According to NERSA, the NMD is the maximum demand per Point of Delivery notified in writing by the customer and accepted by the licensee and the MEC is the maximum capacity at the Point(s) of Supply notified by the customer and accepted by the licensee for the transmission of electrical energy between a generator and the transmission or distribution system in accordance with the rules.

“The exceedance of the NMD and/or MEC places the licensees’ network under strain or safety risk and hampers the licensees’ ability to do proper network and capacity planning, which may affect other customers’ electricity supply and energy export to the distribution or transmission system.”

NERSA points out that the rules allow for an excess network capacity charge to be raised for monthly exceedances of the NMD and/or MEC.

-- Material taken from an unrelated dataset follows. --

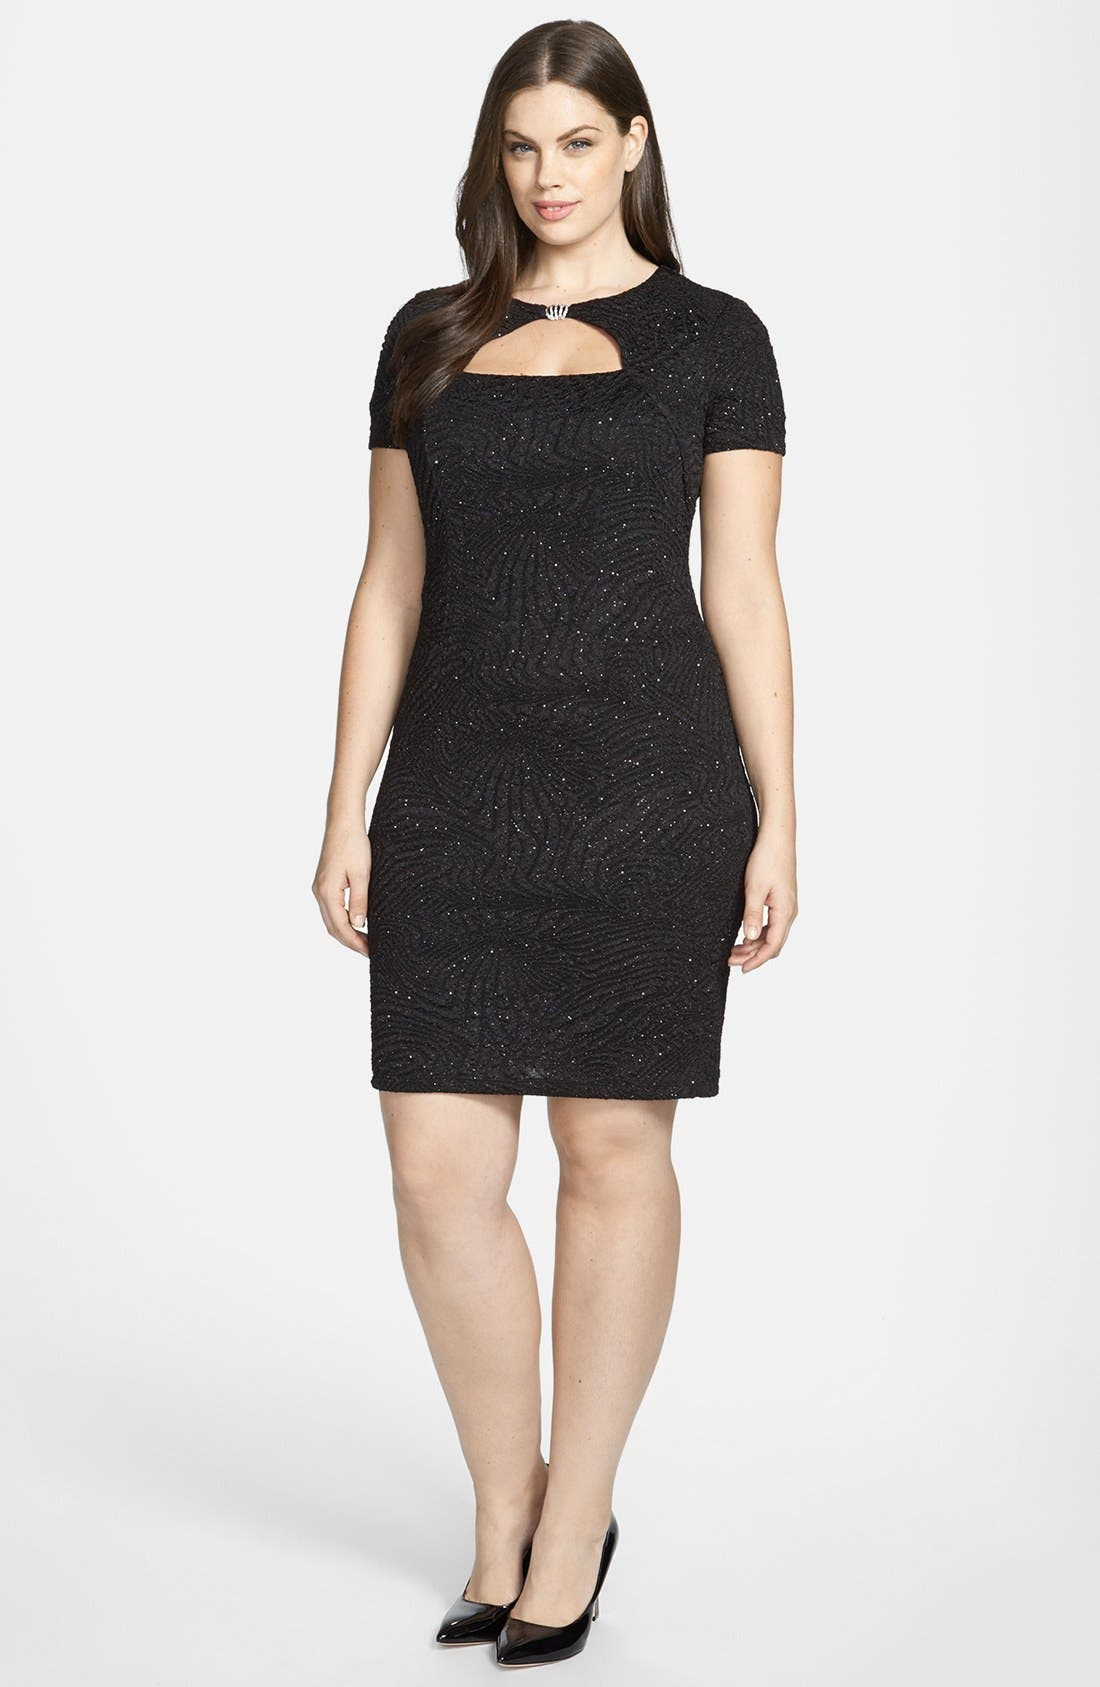 Alternate Image 1 Selected - London Times Embellished Sparkle Plissé Sheath Dress (Plus Size)
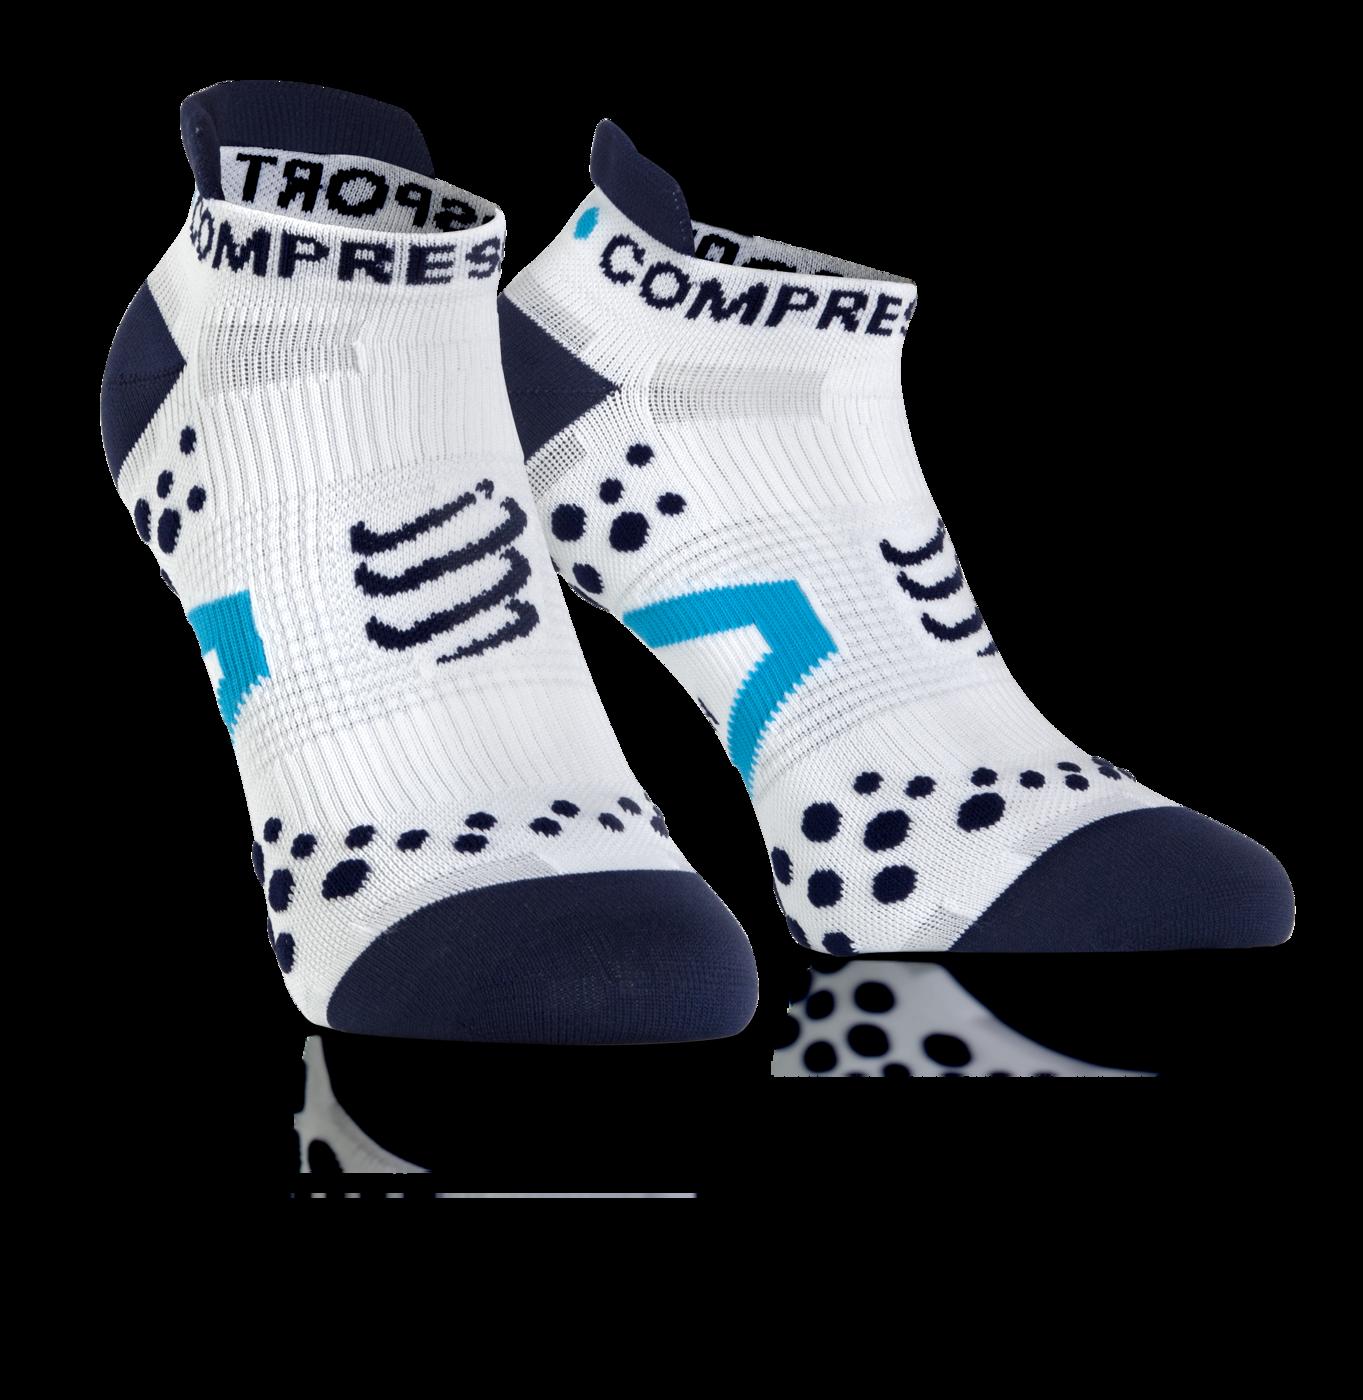 ProRacing Socks V2_1-RUN LOW-White-Blue

“This pricing signal is not a permission to exceed, but an incentive for customers to stay within their contracted NMD and/or MEC and/or to notify their NMD and/or MEC correctly.”

The NMD rules were reviewed to ensure that they are applicable to all licensees and to incorporate new developments such as municipal Eskom debt, self-generation, purchasing electricity directly from Independent Power Producers and battery storage.

The hearing is set down for 1 February 2021.

Requests to participate must be submitted by 28 January 2021.